Lin Jen-Der, Chao Tzu-Chieh, Hsueh Chuen
Division of Endocrinology and Metabolism, Department of Internal Medicine, Chang Gung Memorial Hospital, Chang Gung University, Taiwan, ROC.
Clin Endocrinol (Oxf). 2007 Feb;66(2):224-8. doi: 10.1111/j.1365-2265.2006.02712.x.
The aim of this study was to compare the clinical presentation and prognosis of poorly differentiated thyroid carcinoma (PDTC) with those of classical papillary thyroid carcinoma (PTC) to identify the appropriate surgical modalities for use in conjunction with radioactive iodide ((131)I) therapy and external radiotherapy for treating PDTC.
Sixty-seven PDTC patients (mean age 50.3 +/- 18.1 years, range 14-82 years) underwent surgery at the Chang Gung Medical Centre (CGMC), Linkou. To compare clinical presentations and treatment outcomes, 134 age- and gender-matched patients with classical PTC were selected randomly from the patient database at CGMC.
Of the 67 PDTC patients, 53 underwent near-total thyroidectomy. Following surgery, 45 were administered (131)I for remnant ablation and treatment of distant metastatic disease.

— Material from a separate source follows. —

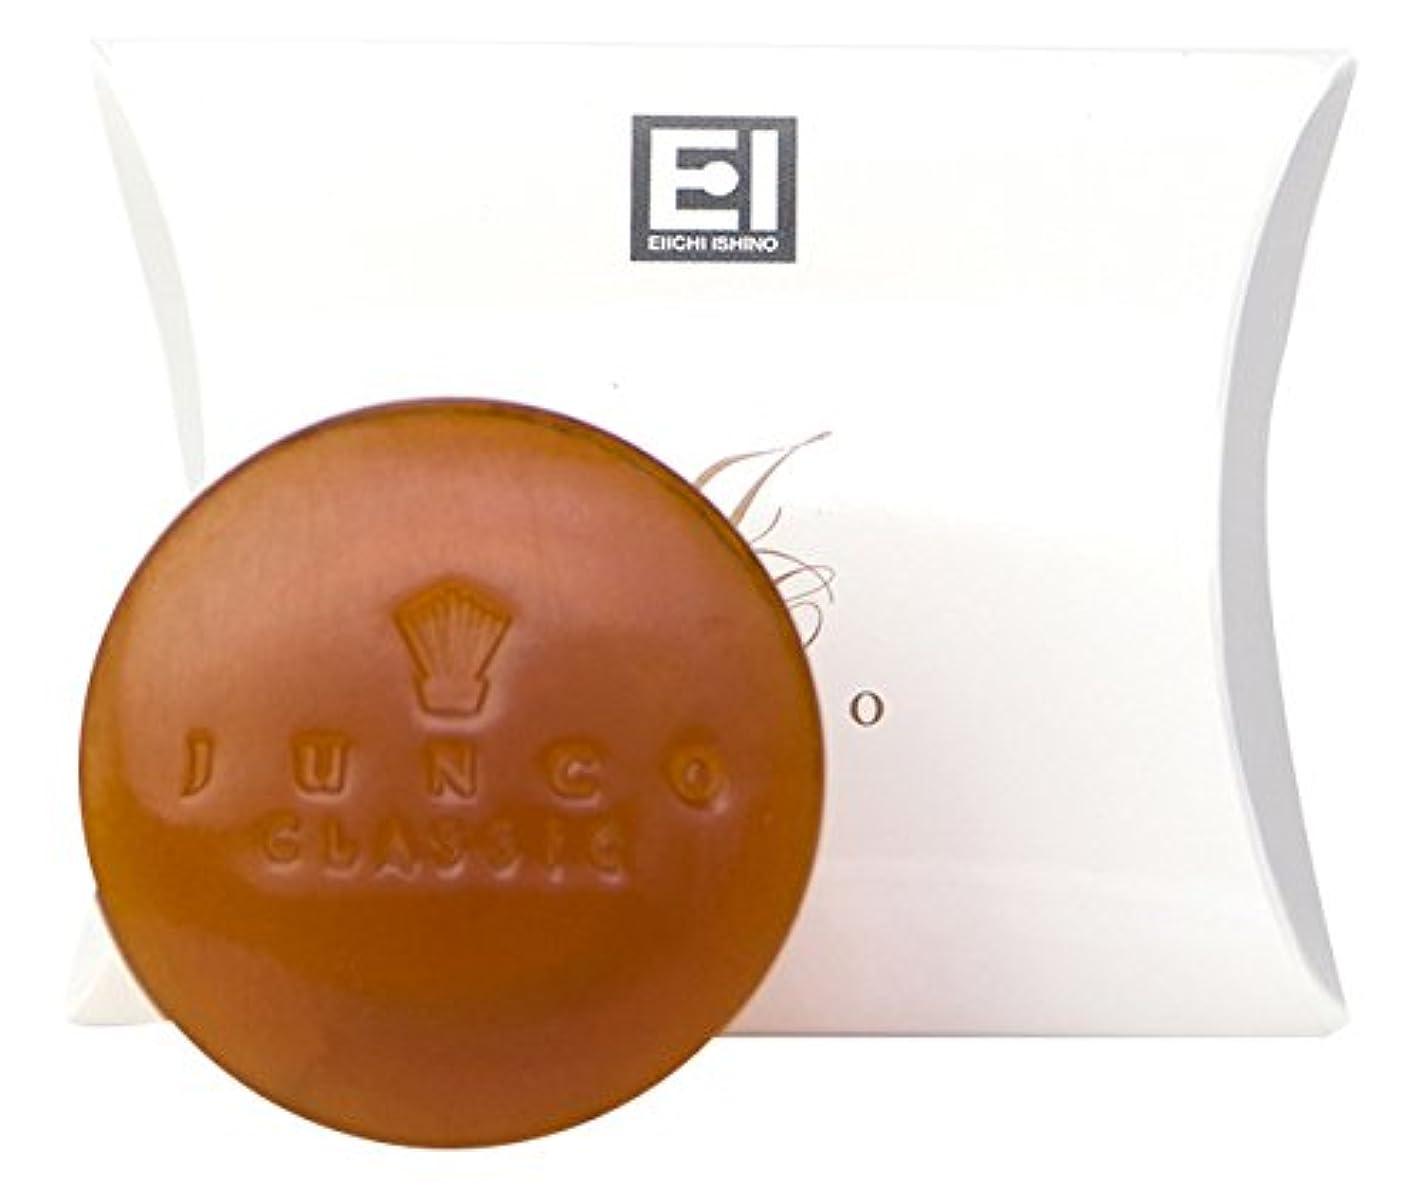 中古雑品羊EI JUNCO CLASSIC SOAP 10g
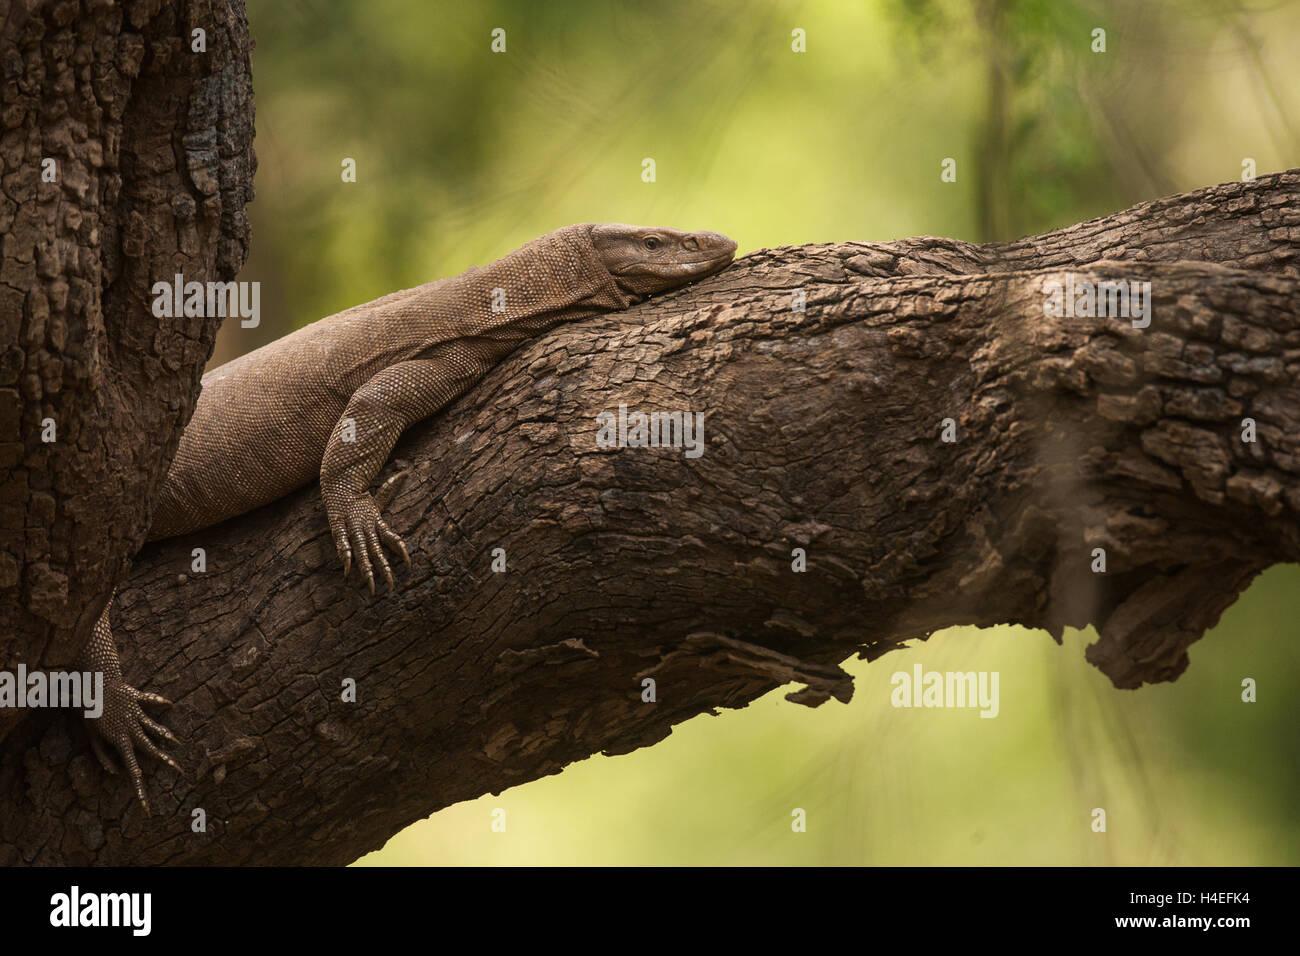 Monitor lizard lazing on a tree in Sariska Tiger Reserve in Alwar Rajasthan wild wildlife - Stock Image

Forty-one of the 67 (61.2%) patients with PDTC and 26/134 (19.4%) with classical PTC failed to achieve disease-free status. Twenty-four of the 67 (34.3%) PDTC patients eventually died of thyroid cancer after a mean follow-up of 5.9 +/- 0.6 years. Age and TNM staging at surgery were significant indicators of PDTC patient survival and mortality.
As the prognosis for PDTC patients is poorer than that for classical PTC patients, (131)I treatment following surgery is useful. To improve the survival rate, early diagnosis is crucial for PDTC.
本研究旨在比较低分化甲状腺癌(PDTC)与经典乳头状甲状腺癌(PTC)的临床表现和预后,以确定与放射性碘((131)I)治疗及外照射放疗联合使用的适合治疗PDTC的手术方式。
67例PDTC患者(平均年龄50.3±18.1岁,范围14 - 82岁)在林口长庚医学中心(CGMC)接受手术。为比较临床表现和治疗结果,从CGMC患者数据库中随机选取134例年龄和性别匹配的经典PTC患者。
67例PDTC患者中,53例行近全甲状腺切除术。术后,45例接受(131)I治疗以消融残余甲状腺组织及治疗远处转移疾病。67例PDTC患者中有41例(61.2%)、134例经典PTC患者中有26例(19.4%)未达到无病状态。67例PDTC患者中有24例(34.3%)在平均随访5.9±0.6年后最终死于甲状腺癌。手术时的年龄和TNM分期是PDTC患者生存和死亡的重要指标。
由于PDTC患者的预后比经典PTC患者差,术后(131)I治疗是有用的。为提高生存率,早期诊断对PDTC至关重要。